Even basic event management has been beyond the Liberals during this campaign a point hilariously demonstrated when Flegg got kicked out of a shopping mall meet-and-greet in suburban Kippa-Ring by security. His staff had apparently neglected to check the media call with the shopping mall’s management.
Throughout it all, Nationals leader Lawrence Springborg has soldiered on bravely, fighting a seemingly impossible battle against both the slick Labor machine and at times against his not-so-slick Liberal colleagues.
Springborg, a self-educated farmer from south-west Queensland, is a solid if uninspiring campaigner, and preserves an image of moral decency in an increasingly slippery political scene. The recently floated Liberal-National merger (as ‘New Liberal’) was Springborg’s cherished dream the only way, he believed, to wrest government from Labor. But the idea was cynically shot down in a week by Federal power-brokers from both Parties.

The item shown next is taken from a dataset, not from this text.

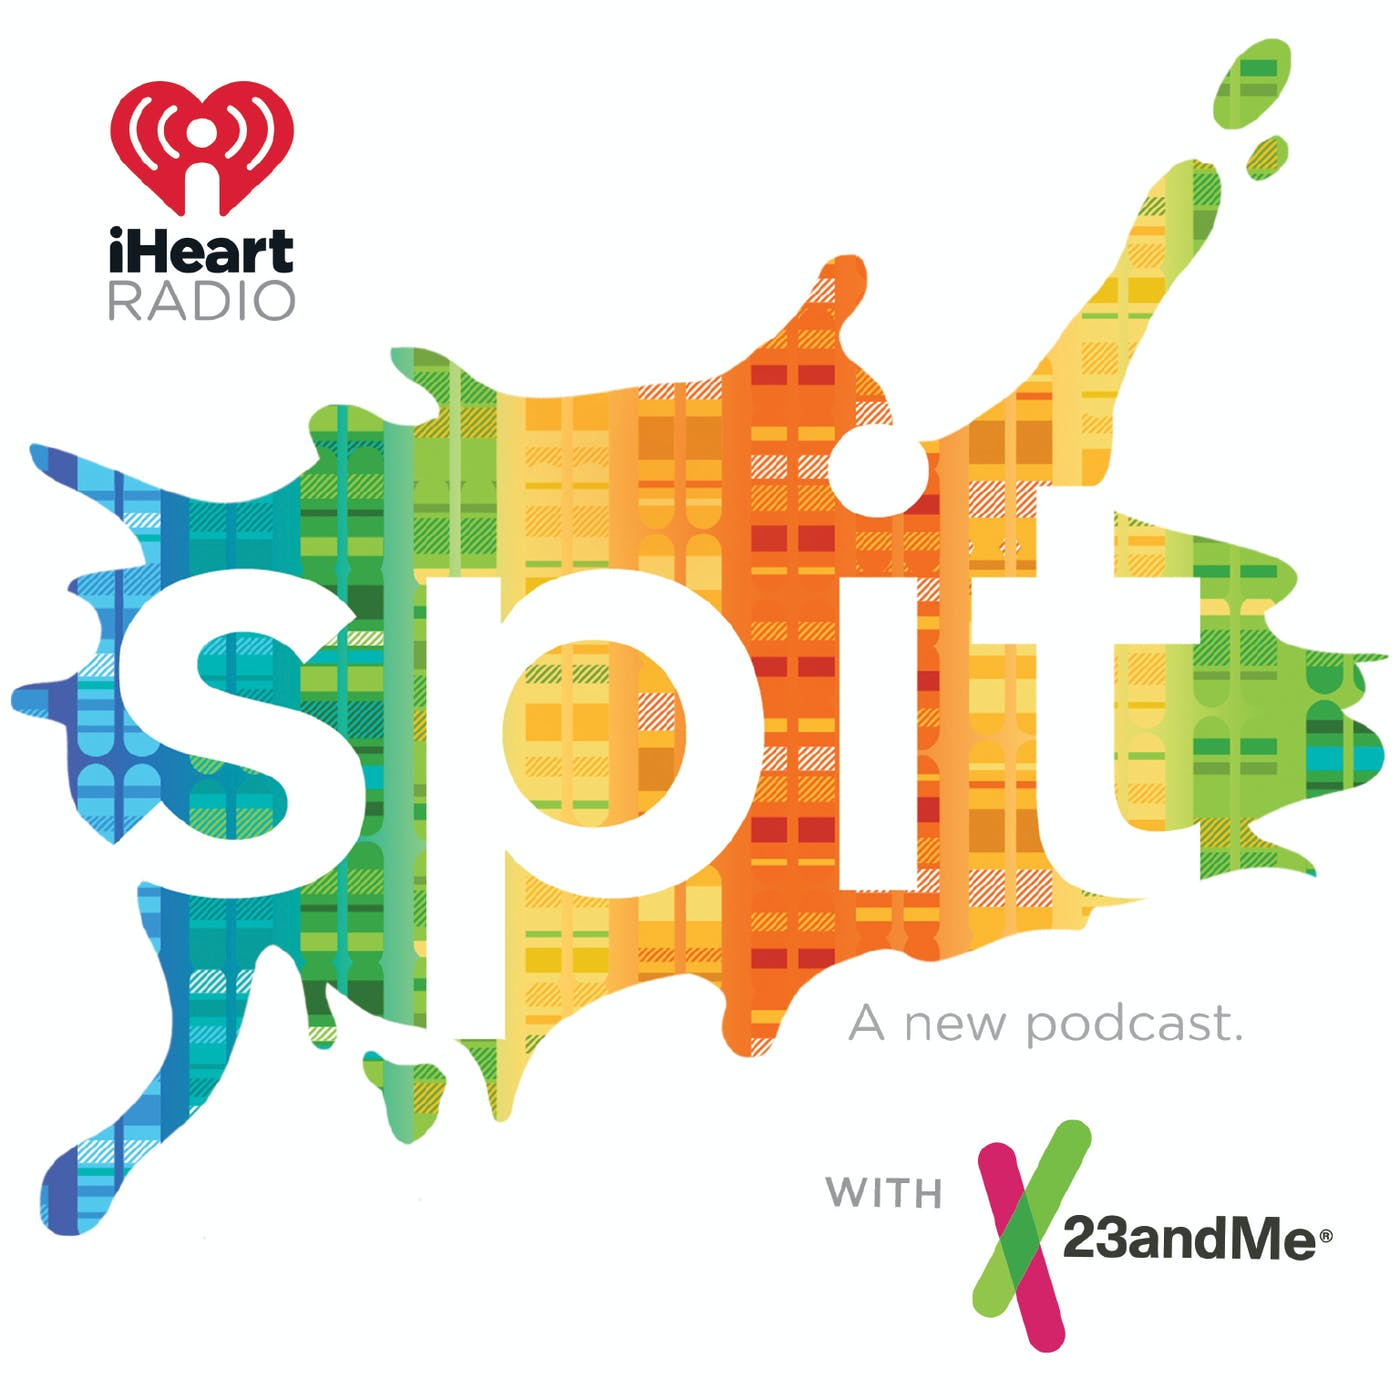 Coming soon. August 15th. Spit an iHeartRadio podcast with 23andMe

Despite Beattie’s lead in the polls, the Liberals and Nationals (for they are barely a Coalition) are running hard in the last week of the campaign in the hope of exploiting a belief in the electorate that Beattie is certain to win. They are airing some unusually hard-hitting TV ads, featuring relatives of patients who died in Queensland public hospitals.
But it is unlikely to matter. Pauline Hanson might have summed it up when she was recen
tly quoted by AAP: ‘ She said Mr Beattie was not the man to run Queensland but he was standing against œshit opposition. ’
With a strong economy (unemployment in Queensland is running at 4.5 per cent) and strong, if ever-apologetic, leadership, Team Beattie looks set to entrench its position as the longest-serving Labor Government in Australia.